ALBANY — On back-to-back days, the UAlbany men’s basketball team’s offense could seemingly do no wrong.
After mostly struggling to score through their first six games, the Great Danes scored 83 points each game against NJIT last weekend, and made 56.1% of their shots in securing a sweep.
But?
“Obviously,” UAlbany graduate student Jarvis Doles said, “that’s not going to happen every game.”
By that, Doles — a 6-foot-9 forward — simply meant that the Great Danes know they’re not going to connect on such a high percentage of shots each game moving forward. Through Wednesday’s action, only 19 teams across the country are making 50% or better of their field-goal attempts, and the mark of the best-shooting team — undefeated Gonzaga, which is ranked No. 1 in the country — is 55.3%, which comes up shy of the percentage of shots the Great Danes made last weekend.
The Great Danes were shooting 42% from the field and averaging 63.7 points per game heading into their weekend series with NJIT. But, as the Great Danes move forward, starting with games this weekend at New Hampshire, they’re confident they can look more like the team from this past weekend than from their first six games.
“I think if we continue to share the ball, and take the right shots, and be unselfish and play together, then I think that we can continue to have successful nights on offense,” Doles said Wednesday during a teleconference with reporters.
Head coach Will Brown sees it that way, too. After a 2019-20 season that saw the Great Danes receive little offense from their bigs on a team that only had one player — Ahmad Clark, who was a senior — able to consistently create offense off the dribble, Brown set out to change that during the offseason.
A major part of that was bringing in five transfers.
Each of those veteran newcomers is averaging double-digit minutes, and four of them — Doles, juniors Jamel Horton and CJ Kelly, and graduate student Kellon Taylor — are averaging more than eight points per game.
“We’re fortunate that the transfers that we’ve brought in are all contributing, and contributing a lot,” said Brown, whose program also saw graduate student Chuck Champion — another transfer, who missed nearly all of last season because of an injury — play 20-plus minutes this past weekend for the first time.
This weekend’s opponent, New Hampshire, plays at one of the slowest tempos in the conference — and Brown said the Great Danes know that head coach Bill Herrion’s Wildcats “want to defend, rebound and make it ugly.”
Horton said UAlbany is confident its improved offense wasn’t a one-weekend fluke.
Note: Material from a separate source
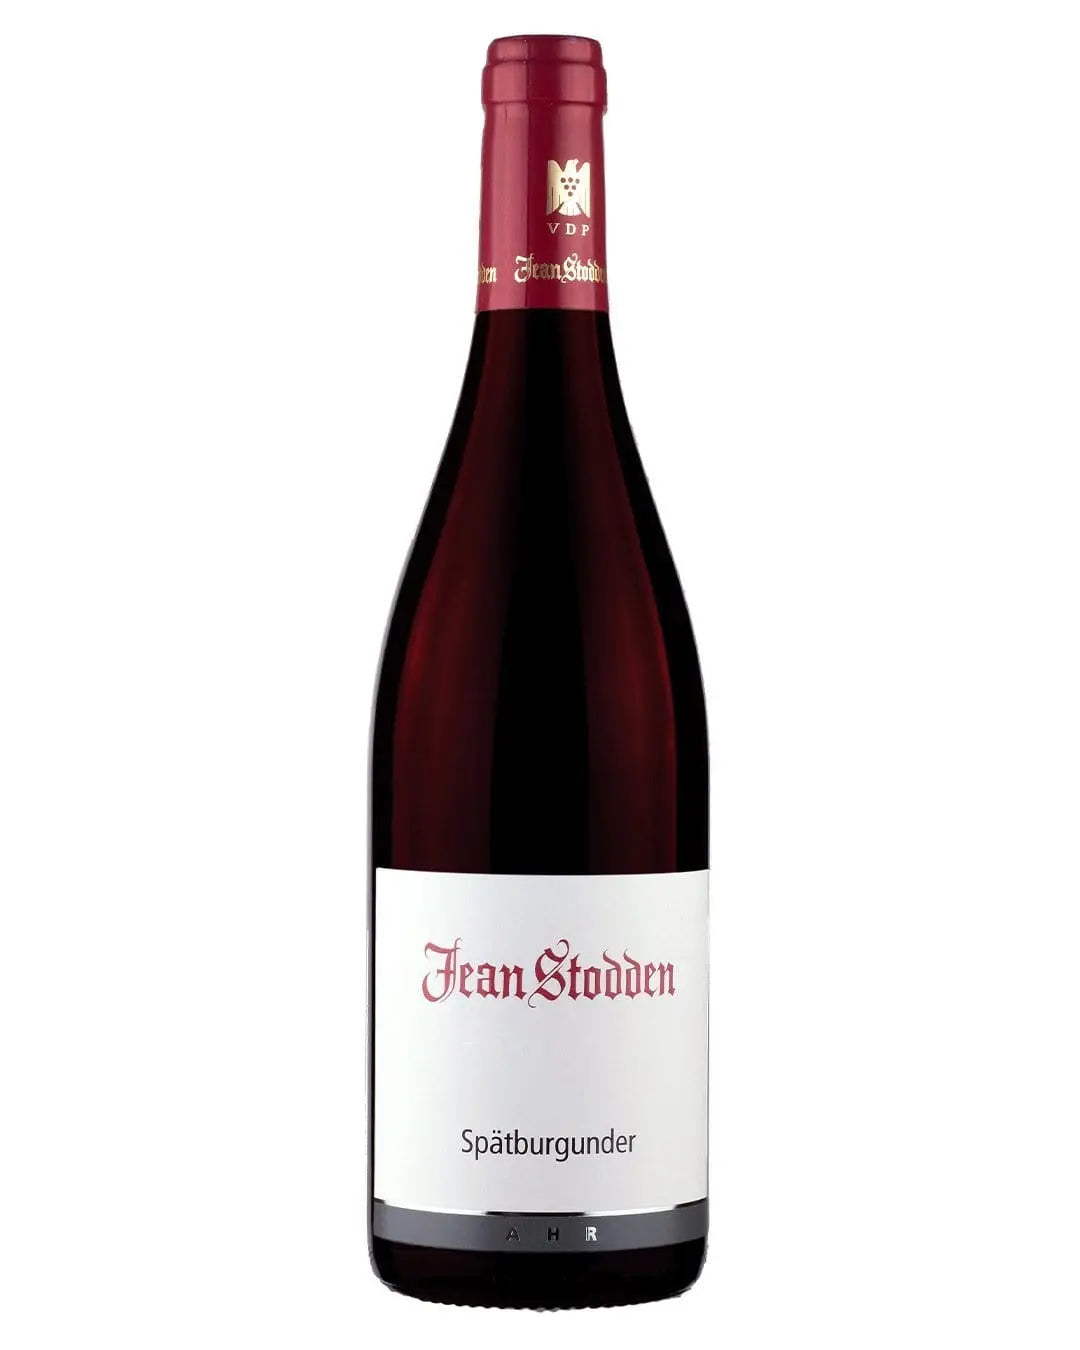 Jean Stodden Spatburgunder 2019, 75 cl Red Wine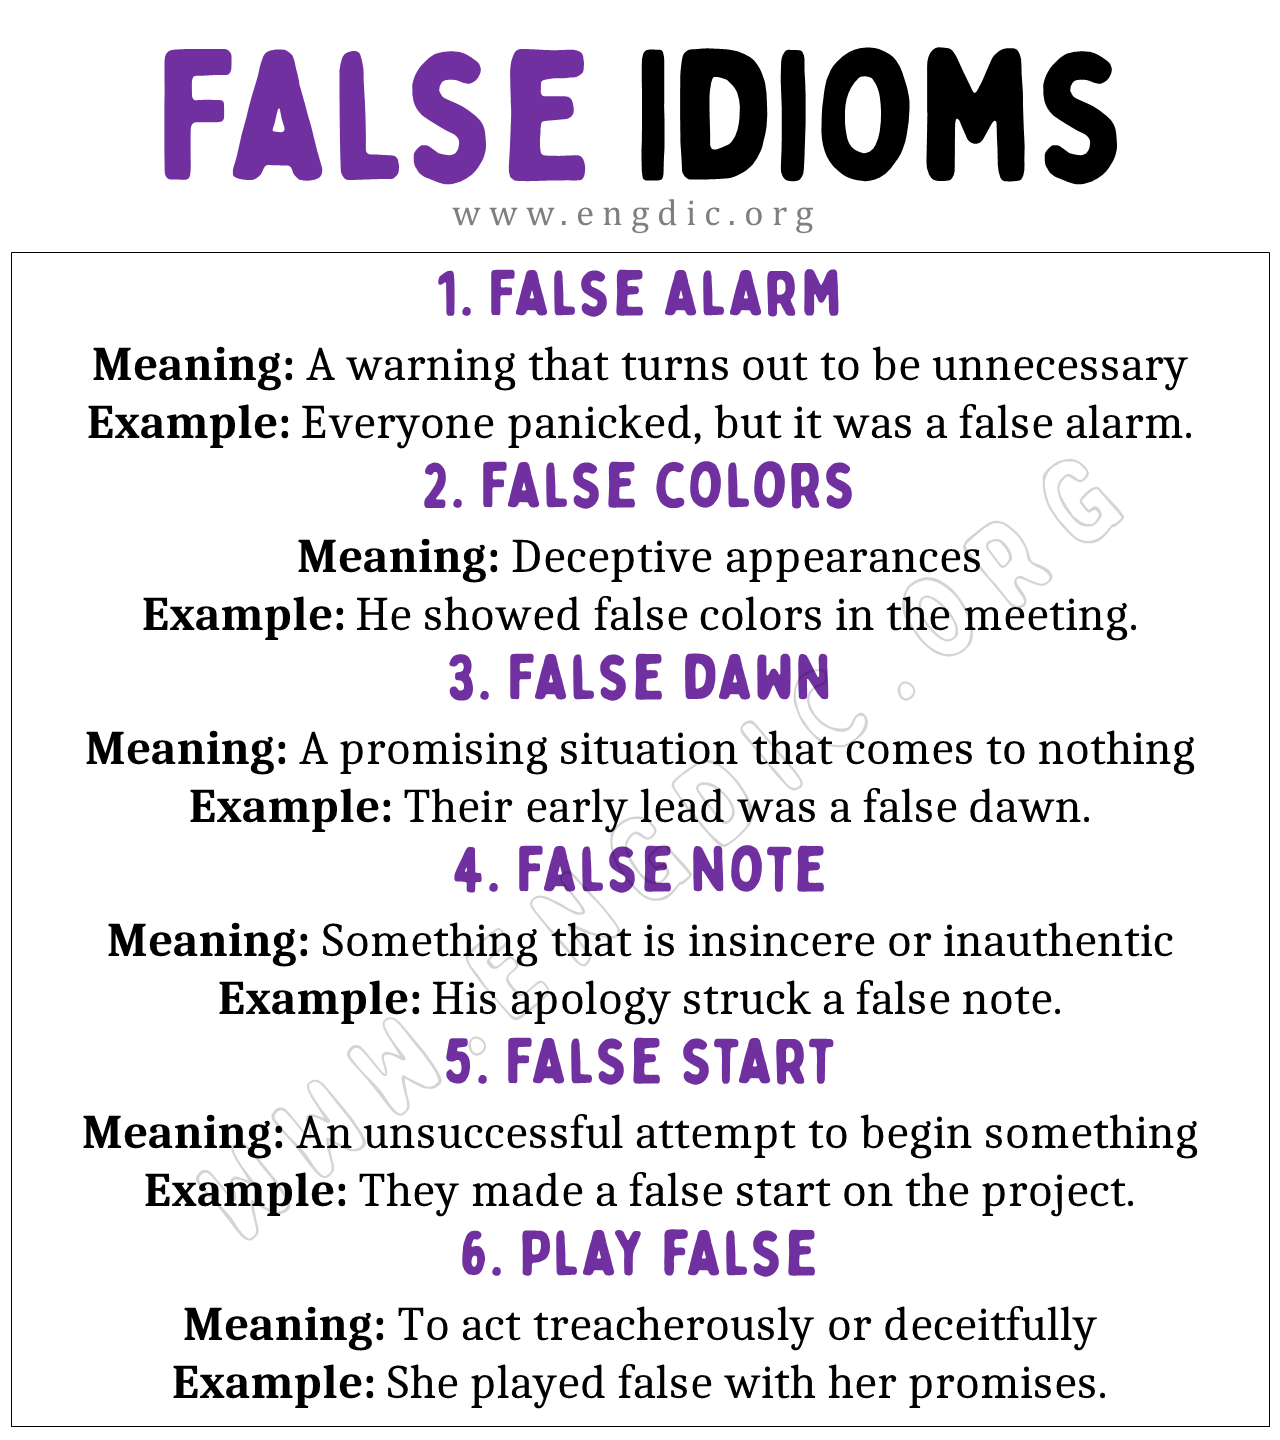 False Idioms

The team’s ball movement was better last weekend, and that was a key factor in producing so many quality shots.
“But we also have to understand that we can’t control if shots fall or not. No matter how many good shots we take, how much we move the ball, shots may not fall — and we have to be able to win games when shots are not falling,” Horton said. “So while we want to be aggressive, and knock down shots and be that balanced-attack team, we have to understand it’s not going to be like that every game and we have to be able to win when it’s not like that. It’s easy to win when you make shots — or, easier, I should say.”